Lá perto, a fotógrafa norte-americana Nan Goldin apresenta uma projeção revisitada de "Un Chant d'Amour", filme homoerótico de Genet, extratos de um filme pintado em tons sépia da peça "Salomé", de Wilde, e uma parede inteiramente recoberta de fotos (entre as quais muitos nus) de seu muso, o ator alemão Clemens Schick.
Em outras alas da prisão, o artista Wolfgang Tillmans –que visitou Reading no começo do ano– mostra imagens impressas em jato de tinta de seu rosto distorcido refletido por um espelho dentro de uma cela. O artista e cineasta Steve McQueen envolveu um dos catres das celas da prisão em uma rede contra mosquitos folheada a ouro.

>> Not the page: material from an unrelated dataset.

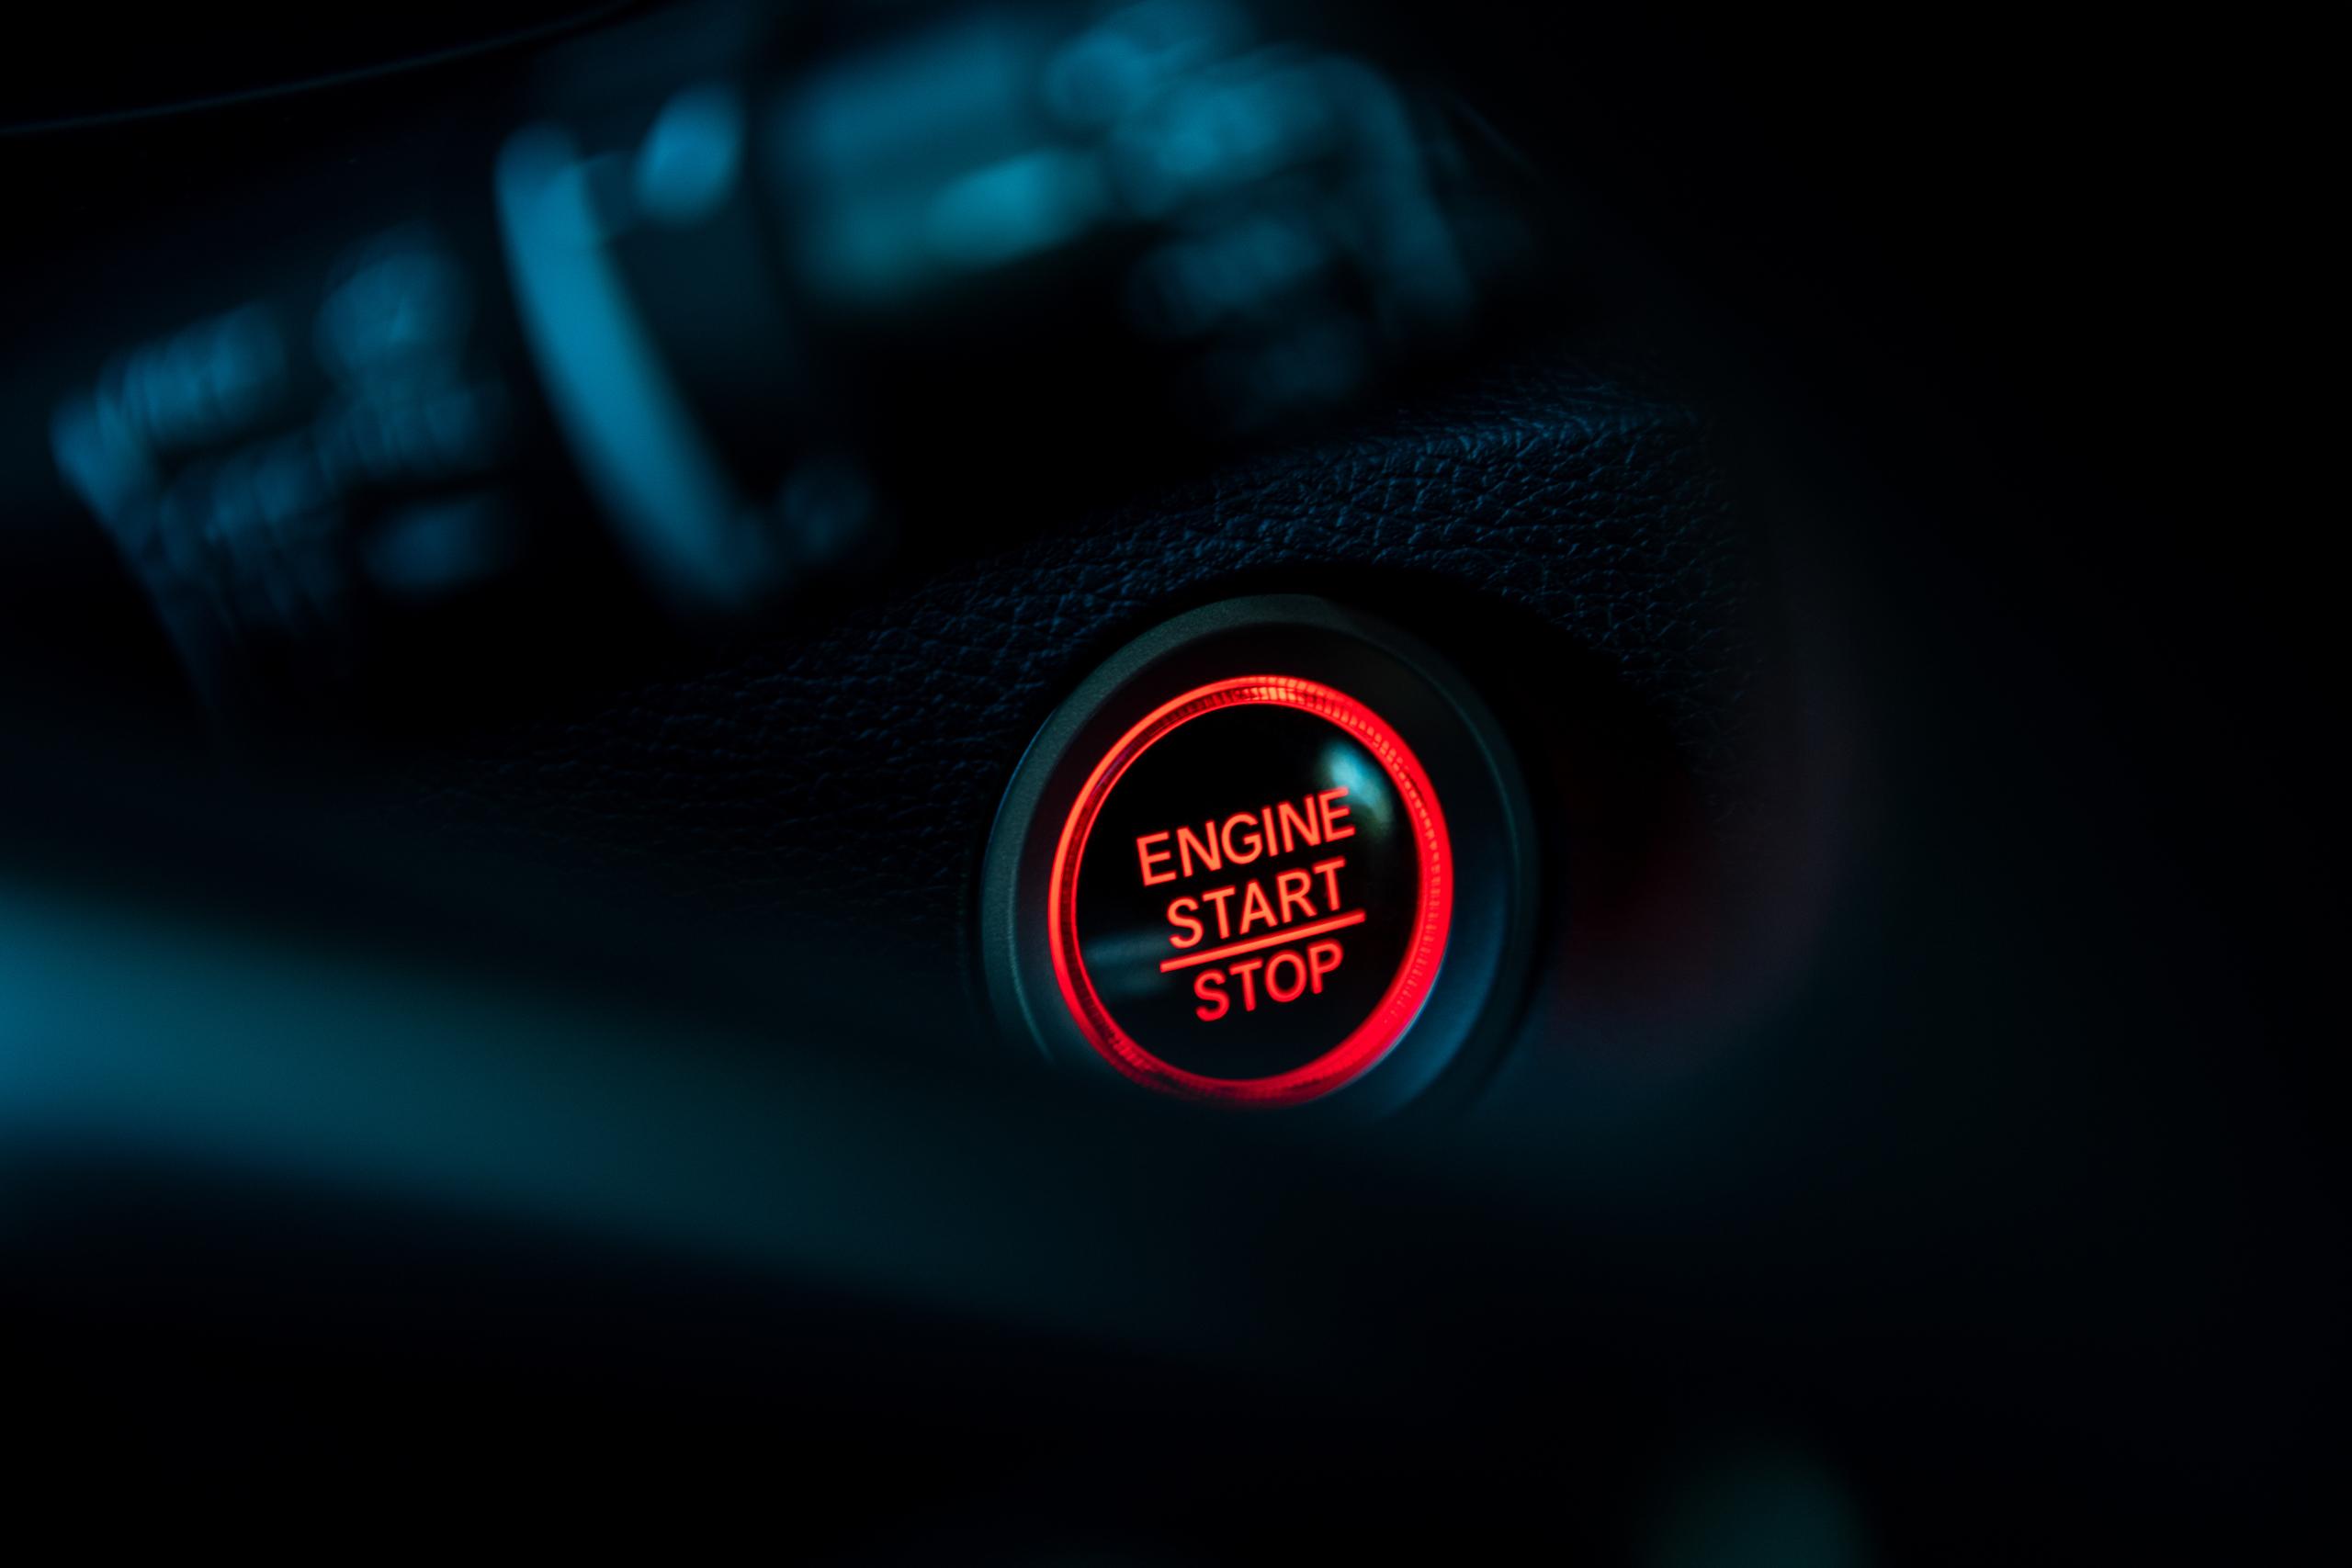 2020 Honda Civic Type R interior start stop button detail
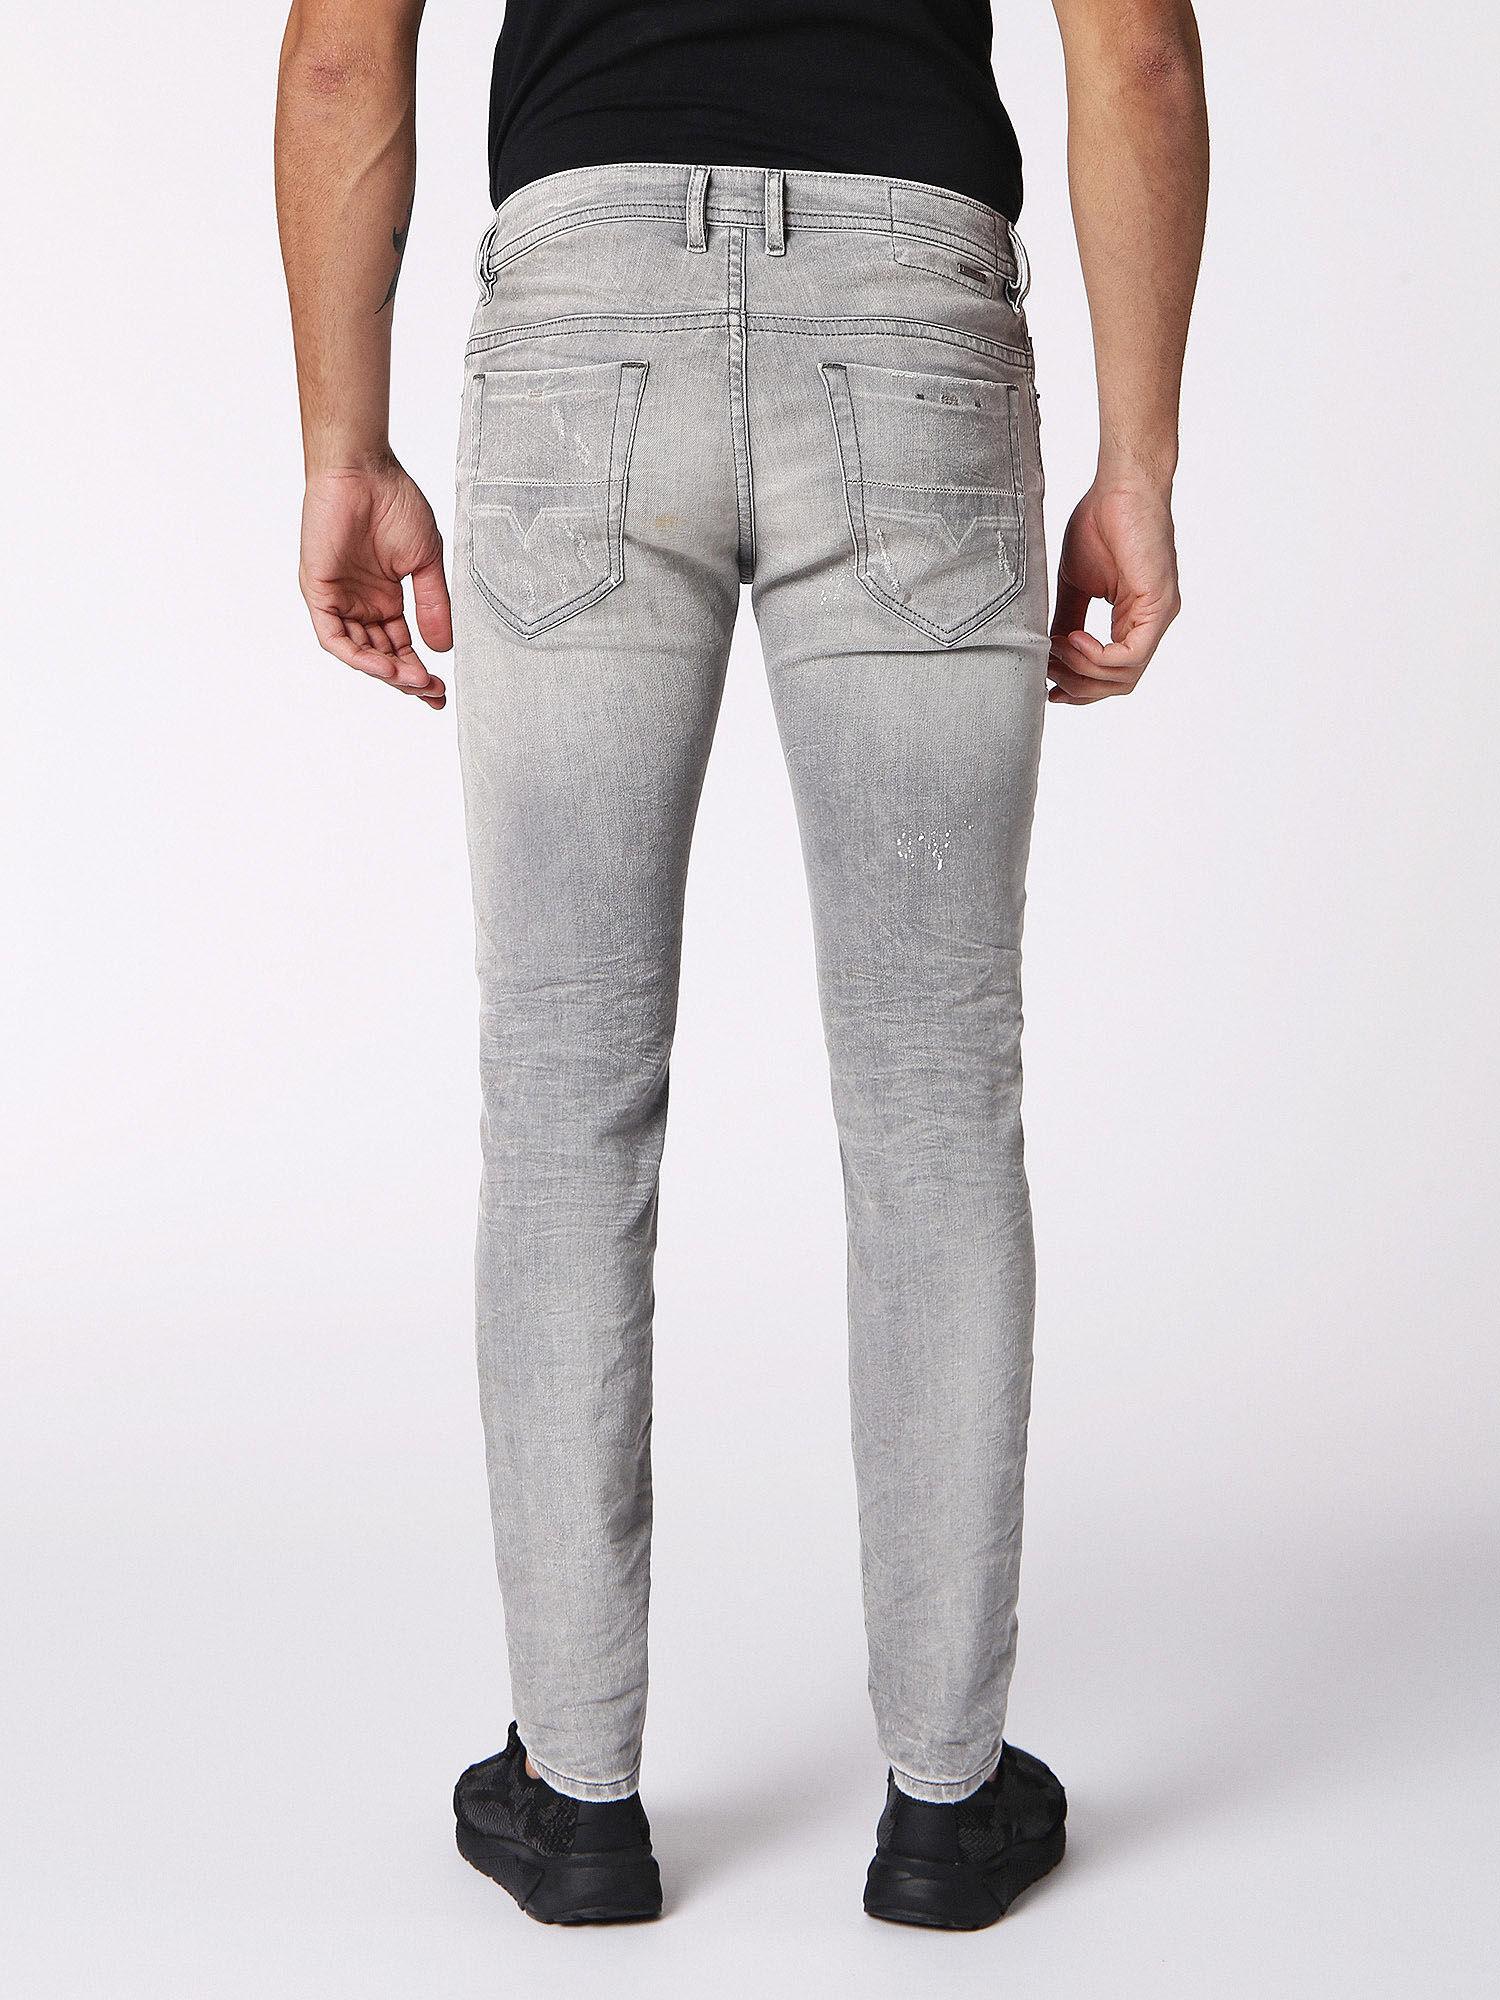 THOMMER 0699J, Grey Jeans ...

Os textos escritos (que podem ser ouvidos com fones de ouvido) incluem uma carta de Ai ao seu filho Ai Lao descrevendo os 81 dias que passou em detenção secreta na China em 2011; e uma carta da escritora Gillian Slovo à sua mãe Ruth First, ativista política assassinada em 1982 pelo serviço secreto sul-africano, quando ela vivia no exílio em Moçambique.
Quanto à edificação em Reading, os planos do governo local para reconstruí-la como centro cultural mais permanente foram bloqueados pelo Ministério da Justiça. A BBC reportou em outubro que o ministério vai manter a cadeia em reserva, caso haja uma alta súbita na população carcerária.